Le rapport des extrêmes droites à Caïn est ainsi ambivalent: certes, il représente «la terre et les morts», pour détourner la définition de la nation donnée par le grand théoricien d'extrême droite Maurice Barrès. Oui, il est celui qui frappe le nomadisme. Mais, pourtant, il est rejeté par Dieu et les hommes. Se référer à Caïn contre Abel est conforme aux goûts d'extrême droite dans l'histoire: c'est préférer Sparte à Athènes dans l'Antiquité, c'est avoir la nostalgie des Sudistes contre les Nordistes lors de la Guerre de Sécession américaine, comme Steve Bannon, invité du congrès frontiste. C'est, comme l'a fait Marine Le Pen dans ce même discours dominical, citer Hélie de Saint Marc, qui participa à la tentative de putsch raté contre le général de Gaulle en 1961. C'est se repaître dans le sentiment d'être du camp des Réprouvés, selon le titre d'un livre culte de l'extrême droite radicale. C'est se tenir orgueilleusement dans le camp des vaincus.

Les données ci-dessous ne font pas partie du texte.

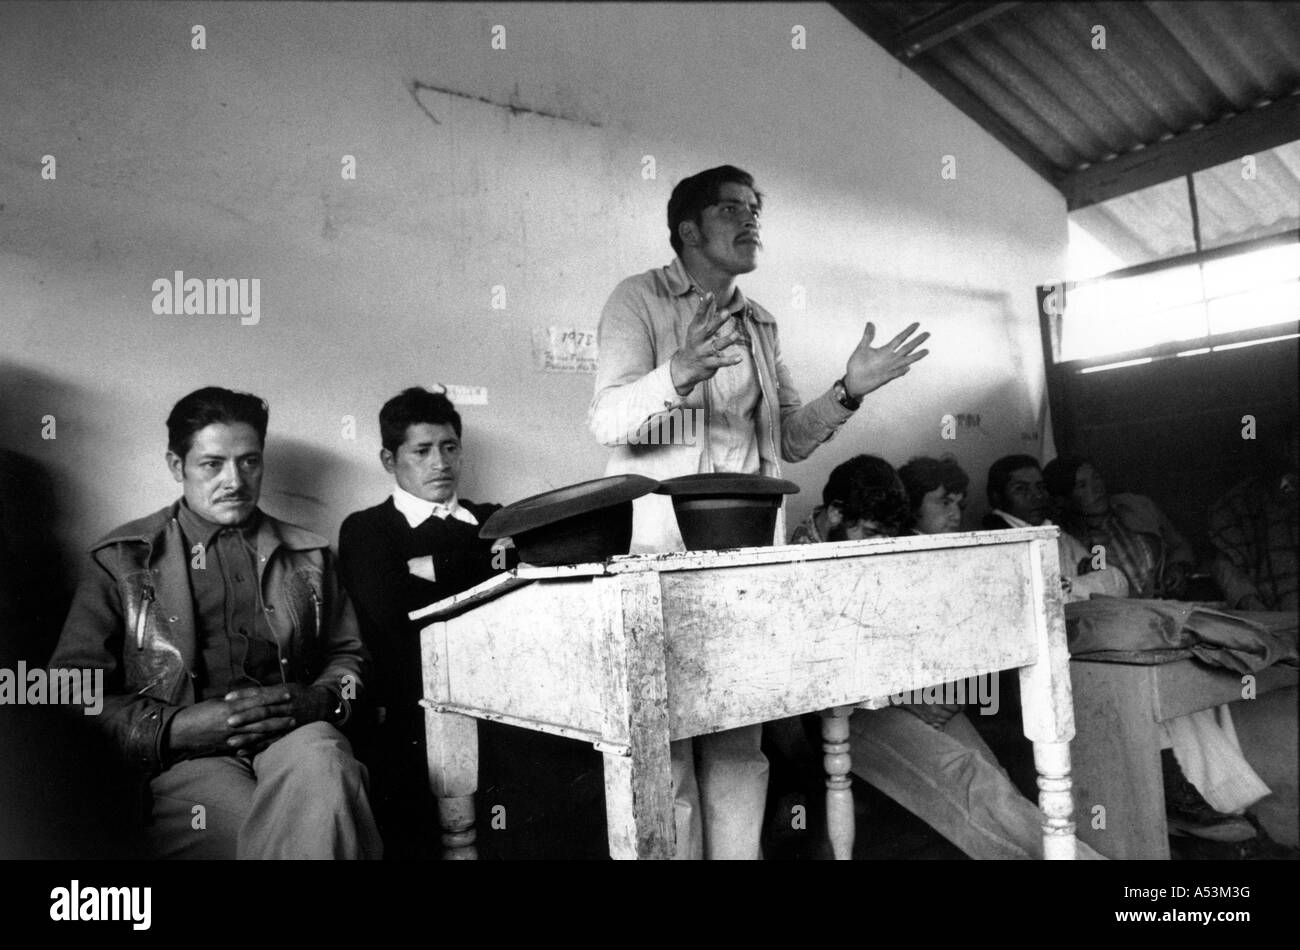 Painet ha1357 157 black and white stress community leader making impassioned speech land reform ecuador country developing Stock Photo

Nous voilà plus dans un discours d'acceptation de la défaite que de reconquête. Après nous, le Déluge. À moins que le destin n'en décide autrement. Dans le légendaire médiéval, Caïn finissait tué par son arrière-arrière-arrière-petit-fils. Or, au Front national, comme dans la mythologie, le danger vient de sa famille.